The Indian Army shut down military farms -- which were functional for the last 132 years -- across the country on Wednesday.

"After 132 years of glorious service to the nation, curtains were drawn on this organisation," said the Indian Army.

The force said that all the officers and workers emplyed in the military farms have been redeployed and would continue to serve the organisation.

During the closing ceremony of the farms in Delhi, Lieutenant General Shashank Mishra said: "The military farm is ending its services. The first farm was established on February 1, 1889 in Allahabad and by the time we got Independence in 1947, India had 130 such farms. At that time it was highly beneficial for us as the White Revolution had not begun. Verghese Kurien had started the Operation Flood in 1970."

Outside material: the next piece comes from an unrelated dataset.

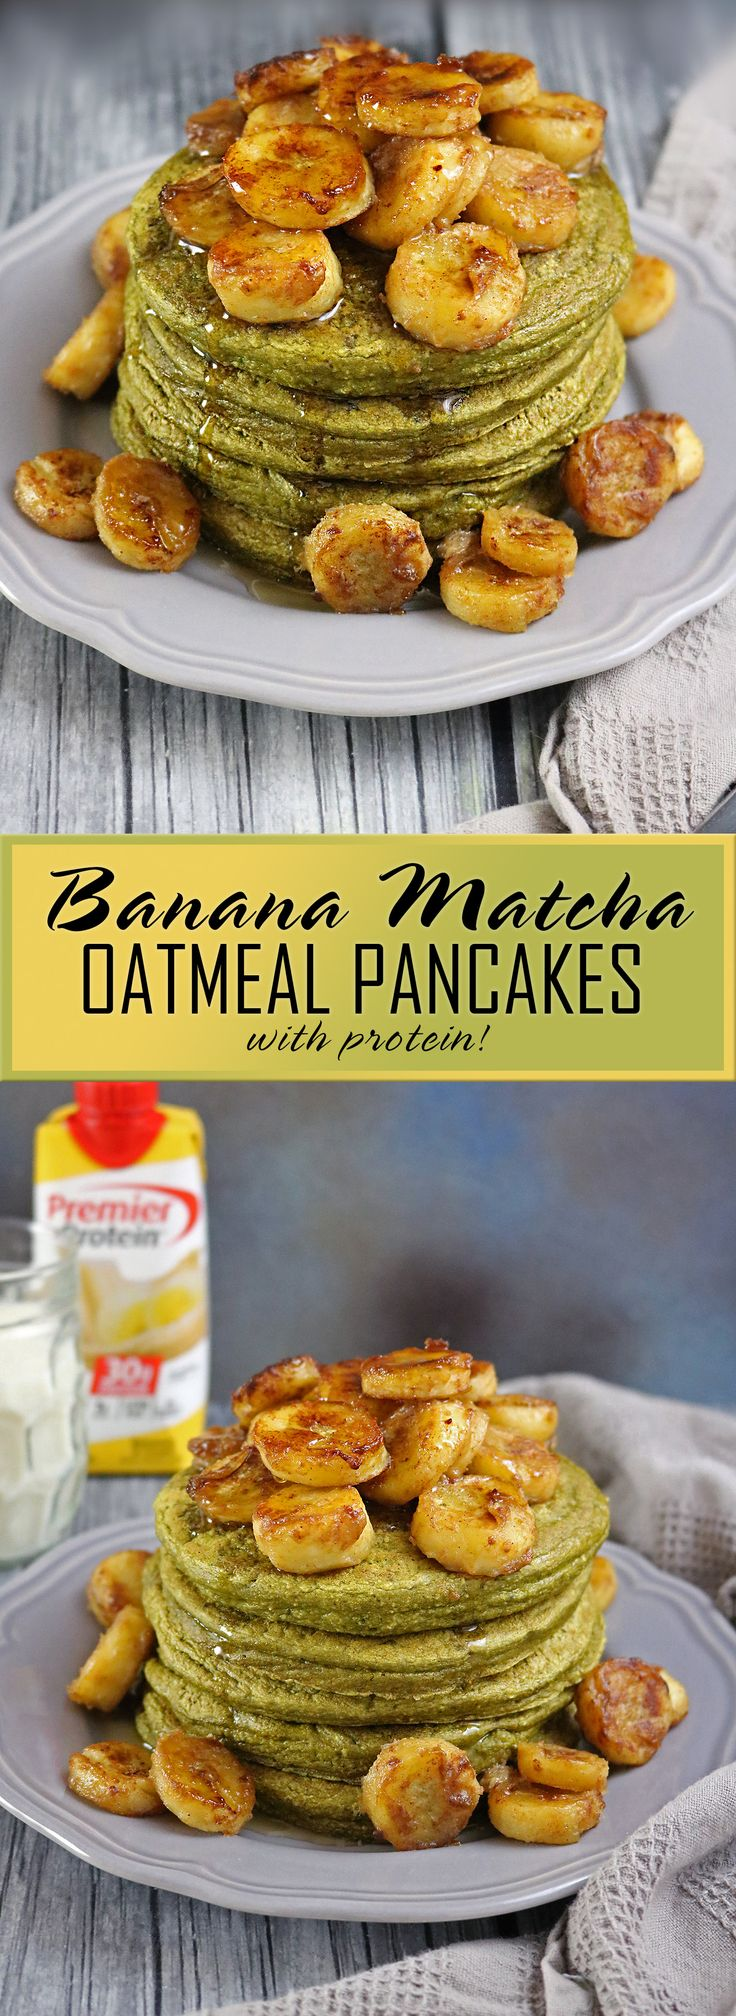 Banana Matcha Oatmeal Pancakes with Cinnamon Cream Bananas #TheDayIsYours #sponsored @PremierProtein

The farms were set up with the sole requirement of supplying hygienic cow milk to the troops billeted in various garrisons across British India. After Independence, military farms flourished with 30,000 heads of cattle in 130 military farms set up all over India under varied agro-climatic conditions.

Military farms were even established in Leh and Kargil in late 1990s, with an aim to supply fresh milk to the troops in those areas on a daily basis.

Another major task was management of large tracts of defence land, and production and supply of baled hay to the animal holding units.

For more than a century, military farms with their dedication and commitment supplied 3.5 crore litres of milk and 25000 MT of hay yearly.

The farms are credited with pioneering the technique of artificial insemination of cattle and introduction of organised dairying in India, providing yeoman service during the 1971 war, supplying milk at the Western and Eastern war fronts as well as during the Kargil operations to the Northern Command.


In collaboration with the Ministry of Agriculture, they established "Project Freiswal", credited to be the world's largest cattle cross-breeding programme.

They also teamed up with the Defence Research and Development Organisation (DRDO) for producing bio-duel.

There were over a 1,000 employees who were maintaining 39 farms spread across 20,000 acres. Till two years ago, the Army maintained over 25,000 cows.